Este é o terceiro ano consecutivo em que no âmbito dos Encontros de Departamento de Comunicação Organizacional tentamos fazer novos amigos retomando velhas tradições de uma sociedade portuguesa ligeiramente menos consumista… oferecer presentes minimamente úteis para quem os recebe e que deixe quem os oferece um bocadinho mais feliz … meias (o ano passado), lápis, cadernos, canetas, marcadores este ano; kits escolares para as meninas e para os meninos estudantes do ensino elementar das ilhas Urok, Arquipélago dos Bijagós, Guiné-Bissau (http://www.imvf.org/gca/index.php?id=186).
Parece-me fundamental salientar que as escolas existentes nas ilhas Urok são escolas comunitárias geridas inteiramente pela população - com o apoio do Projecto Educação Primária para Todos nas Ilhas Urok - e sendo os pais das crianças responsáveis pelo pagamento aos professores. Estes são também professores comunitários, jovens seleccionados no seio da comunidade que têm vindo a ser formados pelo projecto com o apoio da Escola de Formação de Professores 17 de Fevereiro de Bissau.
Este projecto da responsabilidade da ONGd portuguesa Instituto Marquês de Valle Flôr (www.imvf.org) e da organização guineense Tiniguena, co-financiado pelo Instituto Português de Apoio ao Desenvolvimento, é posicionado como visando o cumprimento do Objectivo 2: Alcançar o ensino primário universal até 2015 dos Objectivos de Desenvolvimento do Milénio (http://www.objectivo2015.org/educacao/index.shtml).
Desafio-vos a considerá-lo também, tal como a nossa conferência “A Sociedade da Saúde: novos contextos e dimensões” como um passo na continuação do cumprimento dos Objectivos:
1: Reduzir para metade a pobreza extrema e a fome até 2015
3:Promover a igualdade de género e empoderar as mulheres e
6:Combater o VIH/SIDA, a malária e outras doenças graves
Enquanto aguardamos pelas ideias fantásticas da Maria e da Cláudia já sabemos o preço base dos kits escolares que estamos a fazer: 3 euros. Temos um kit para as crianças da 1ª e da 2ª classe, um para os meninos e meninas da 3ª e da 4ª classe e um outro para as jovens e jovens da 5ª e da 6ª classe.
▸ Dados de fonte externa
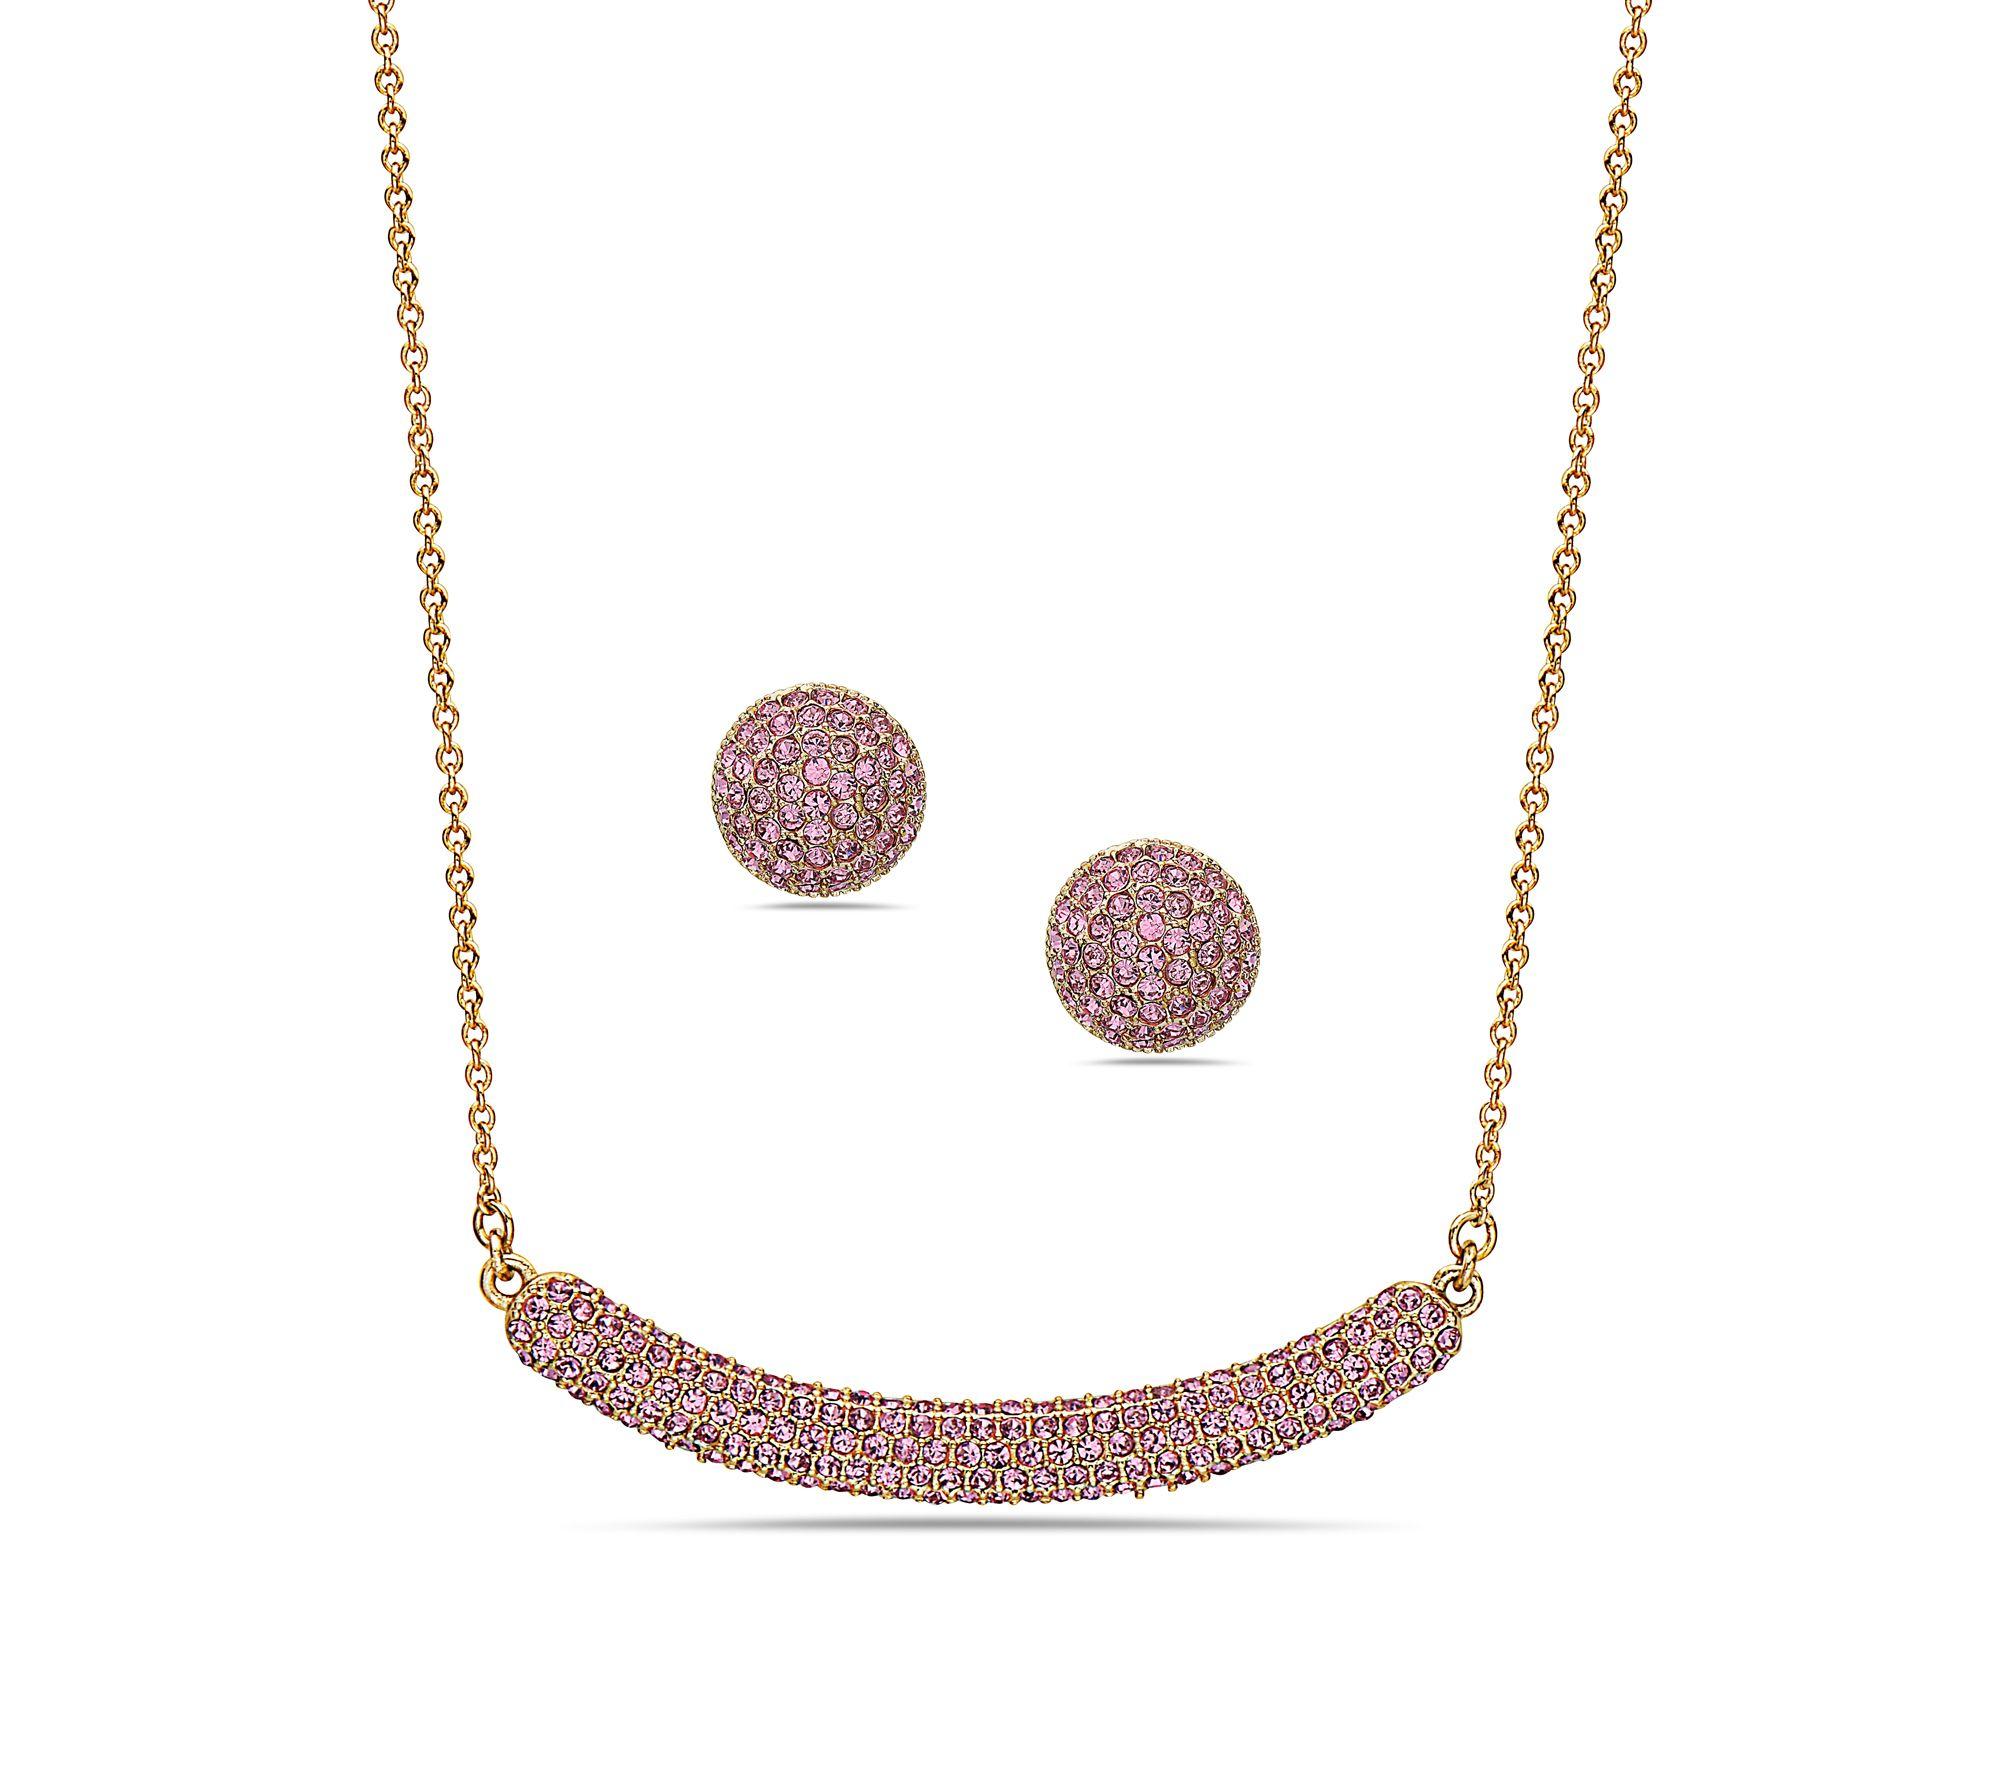 Nina Jewelry Swarovski Necklace Pave Stud Earring Set Qvc
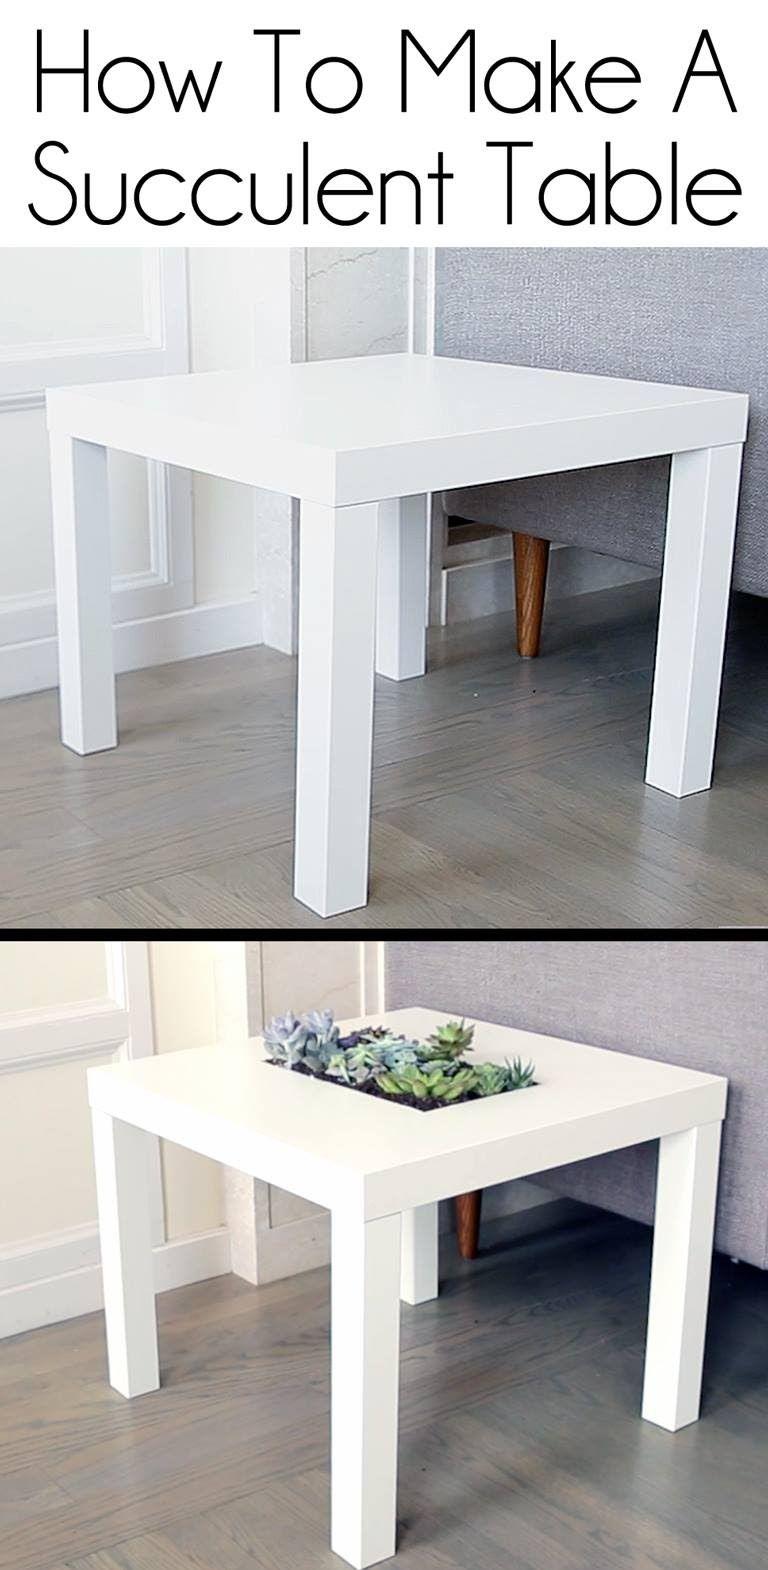 Ikea, Une Table Avec Des Plantes Diy | Table Ikea, Table ... tout Table Basse De Jardin Ikea

O objectivo é oferecer um “presente” pelo que podemos oferecer um kit sozinhos ou juntarmo-nos com 3 ou 6 colegas e oferecer na mesma um kit….o que é obrigatório é enviar uma frase para um desses meninos que vivem tão longe mas tão perto assinado por um estudante (nós os docentes somos eternamente estudantes) um bocadinho mais velho e que espero eu (eu sou lírica eu sei) já tenha percebido quão importante é podermos pensar de uma forma mais complexa, reflectir criticamente sobre os nossos quotidianos, expressarmos de forma clara as nossas ideias……isto é, o valor inestimável e inquestionável da possibilidade de acesso à educação.
Gostaria também - porque como todos sabem odeio dicotomias …. e já estamos no século XXI - que este projecto fosse visto como um projecto com certeza de cooperação mas essencialmente de comunicação para o desenvolvimento e de grassroots advocacy. Que tal ficarmos com uma cópia de todas as frases e entregá-las aos nossos colegas dos Objectivo 2015? Poderá ser este um primeiro passo para inundarmos os governos mundiais de pequenas acções cheias de significado?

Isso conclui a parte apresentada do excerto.